Every ten years we realize liberals warned us oil exploration wouldn't pay off for ten years; about four decades have passed since the petroleum industry didn't face daily harassment. Scorn for Bachmann is unfair, too, in consideration. Fantastic means shouldn't shock: aren't motorists coaxed to purchase expensive electrical cars they don't want because, heroically, men walked on the moon? And besides, the current presidency's foundation isn't even corporal. Do you know the odds on "winning the future"?

Bachmann distinguished herself from four-fifths of the GOP field by bursting from the stasis of political life: if the district or state is secure, there is no layoff, no market-spoiled nest egg, and you may proceed as normal. Messrs. Pawlenty, Santorum, Romney, Gingrich and Huntsman tied Bachmann's Iowa straw poll only when combined because these men, however laudable their positions or platforms, could be transplanted to any other contest along four-year intervals, as if the advantage of "generic Republican" were taken literally. Would any of them perform better than Obama? Almost certainly, but none of them has quite contrasted their would-be term with the president's along the lines most important to voters. American business will not recover because you abhor Iranian nukes and oppose abortion. Ron Paul understands this, but is not electable; Rick Perry understands, too, and is.
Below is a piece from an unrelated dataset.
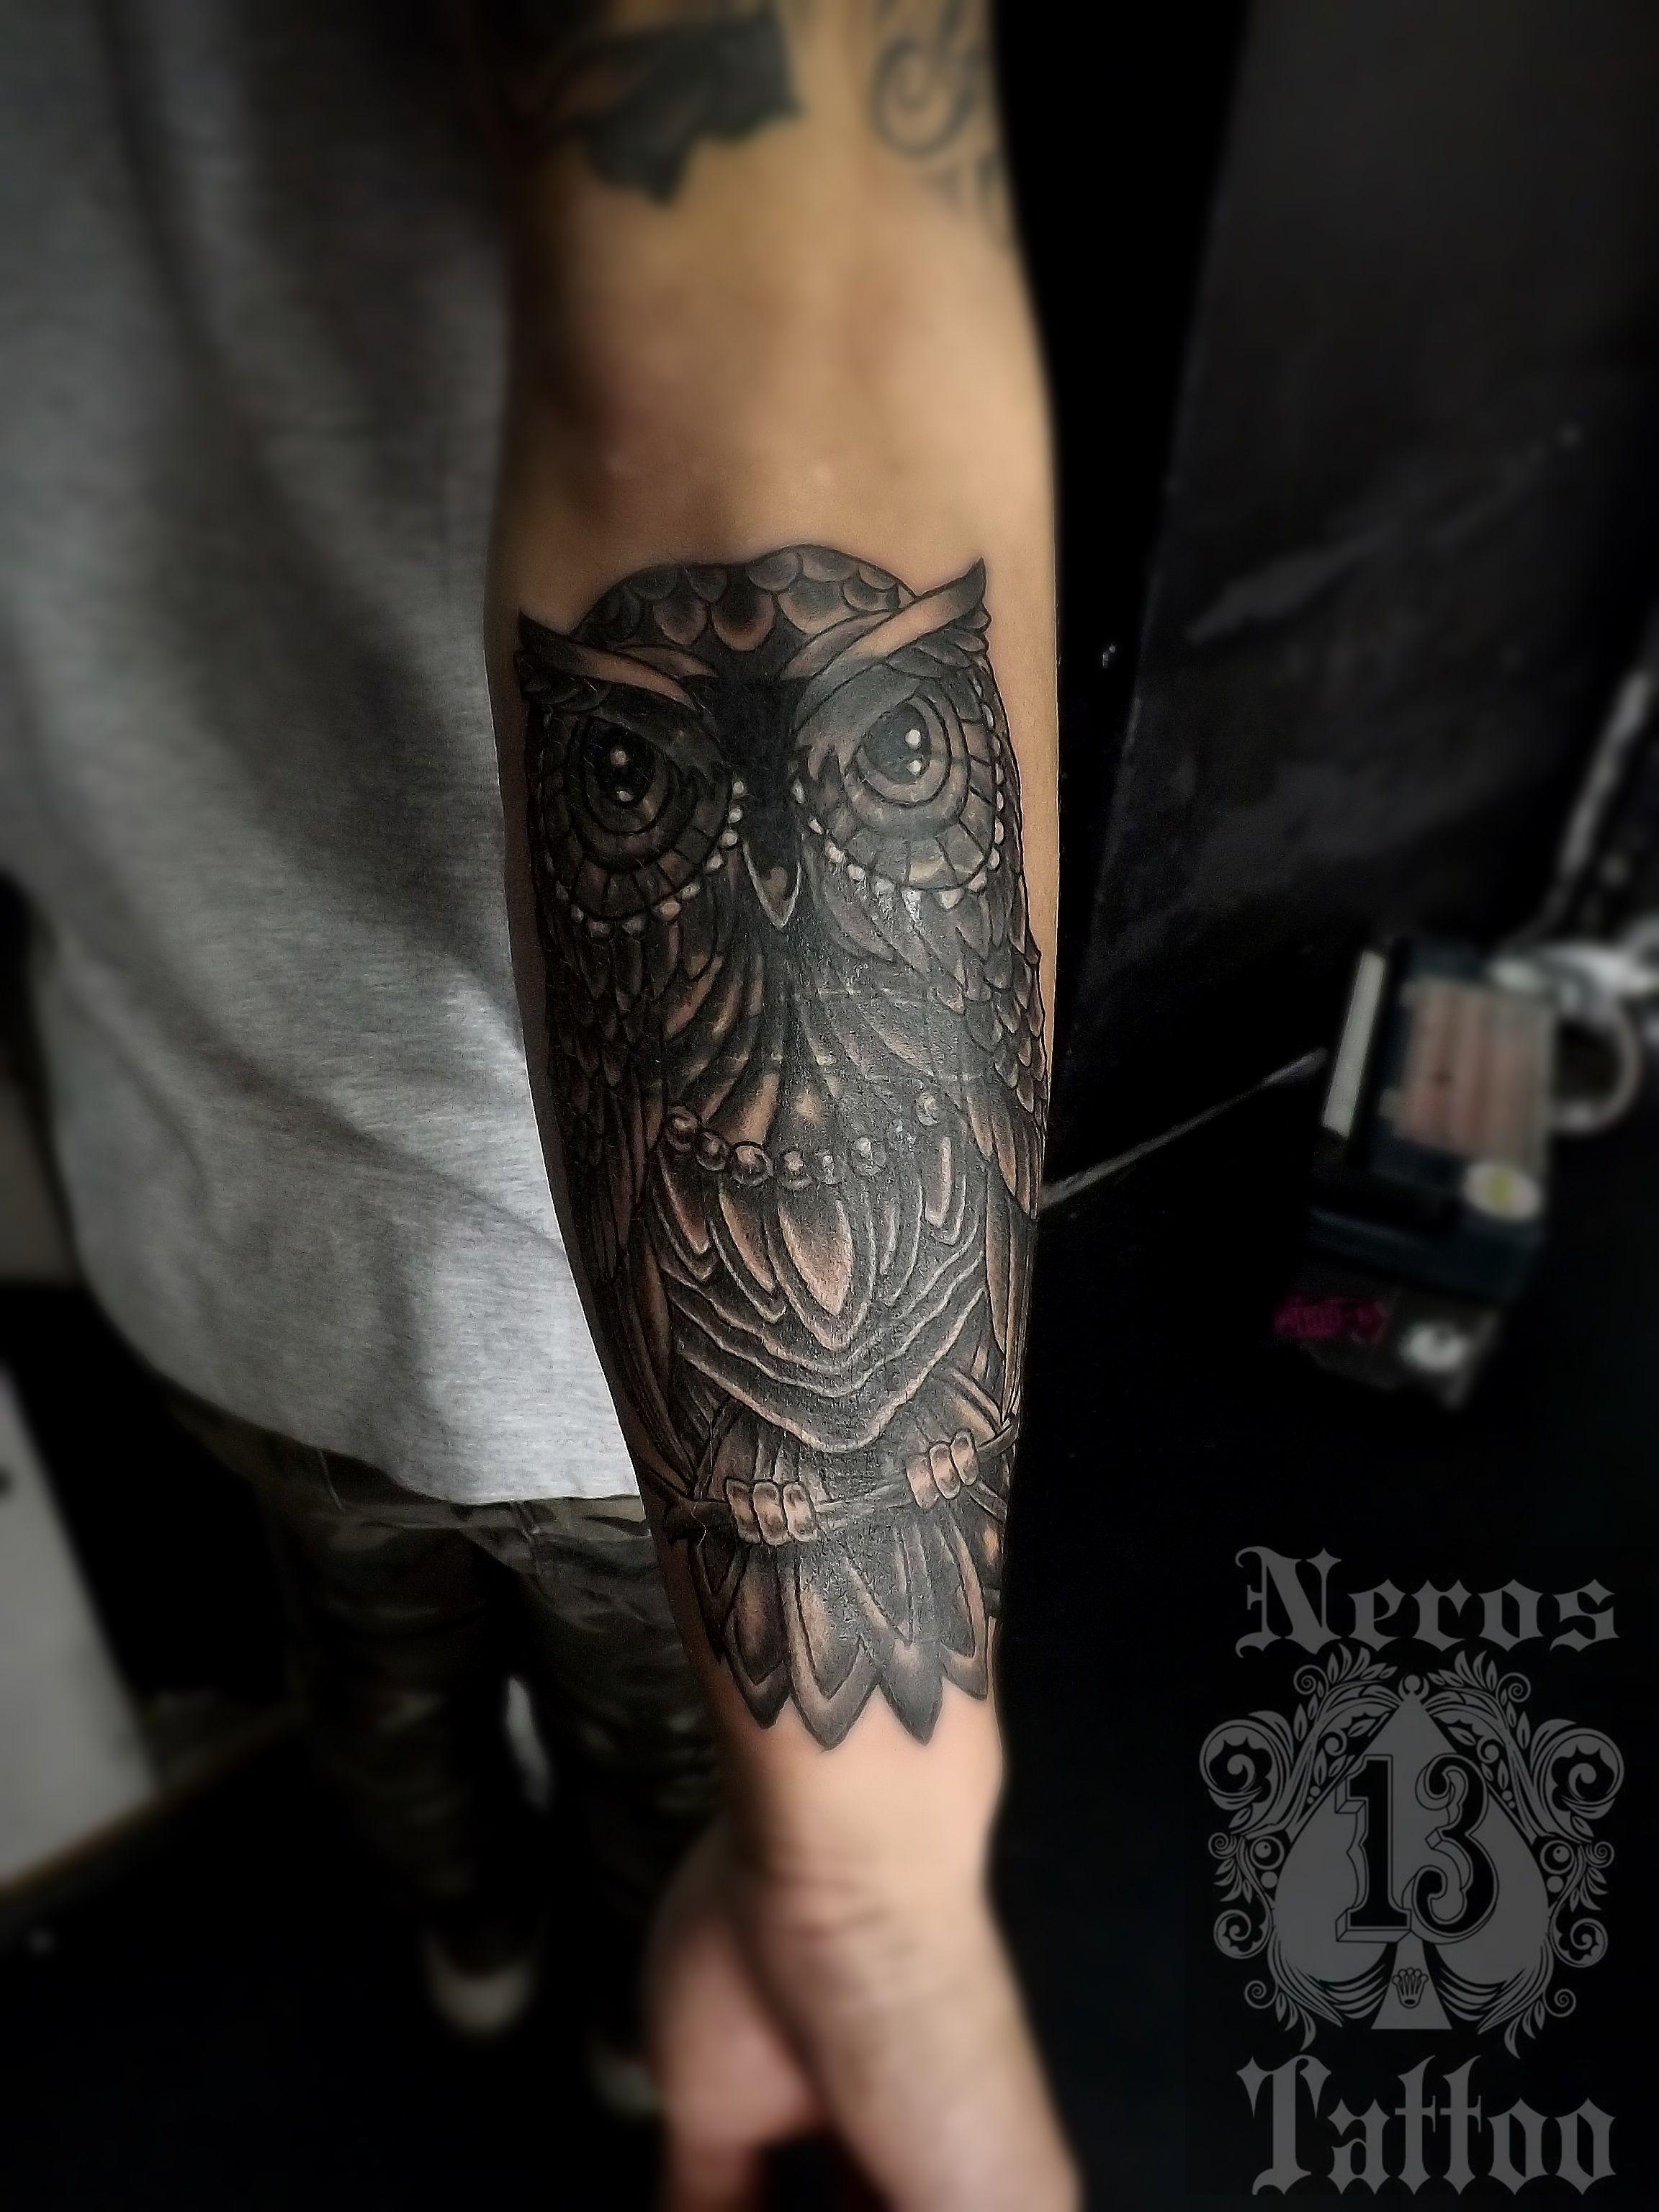 #covertattoo #owltattoo #tattoowl #tattoolife #luisdlarosa #nerostarroo #perutattoo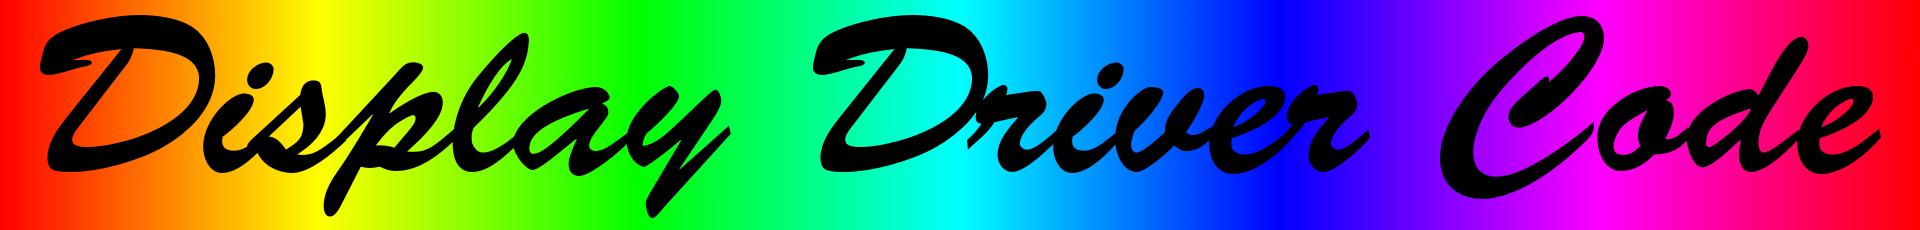 EDDC - Enhanced Display Driver Code

"It's time to get America working again," Perry says. Think him facile or trite, one-fifth of the labor force is either standing on the curb or, for half-pay, sweeping it — exactly where they were in 2009. Whereas his predecessor was merely terse, the man has the gift of cogency. Three guiding principles, shown off at a recent speech in Austin: "We didn't spend all the money," "We kept taxes as low as we could on job-creators," and "We had a regulatory climate that did not stifle jobs — and was predictable."

That addendum is poignant: the private sector fears the Obama administration as a front for predatory caprice. Will the president anathematize you as he did the oil or jet industries? Or will he quietly dispatch a czar? Campaign contributions now look like Danegeld: Barack got your money but he might be coming for you, anyway. Bill Clinton might've gotten away with looks askance, but those were headier days. The current president was named to solve a crisis yet unabated, and which by all appearances will worsen — even the well protected have reason to worry.

Perhaps they'll telephone some Lone Star colleagues. "The truth of the matter is this," said Perry. "Texas has been the engine of job growth." This governor will lay his portfolio alongside Obama's, and we already know that Americans are still in search of someone capable of a turnaround.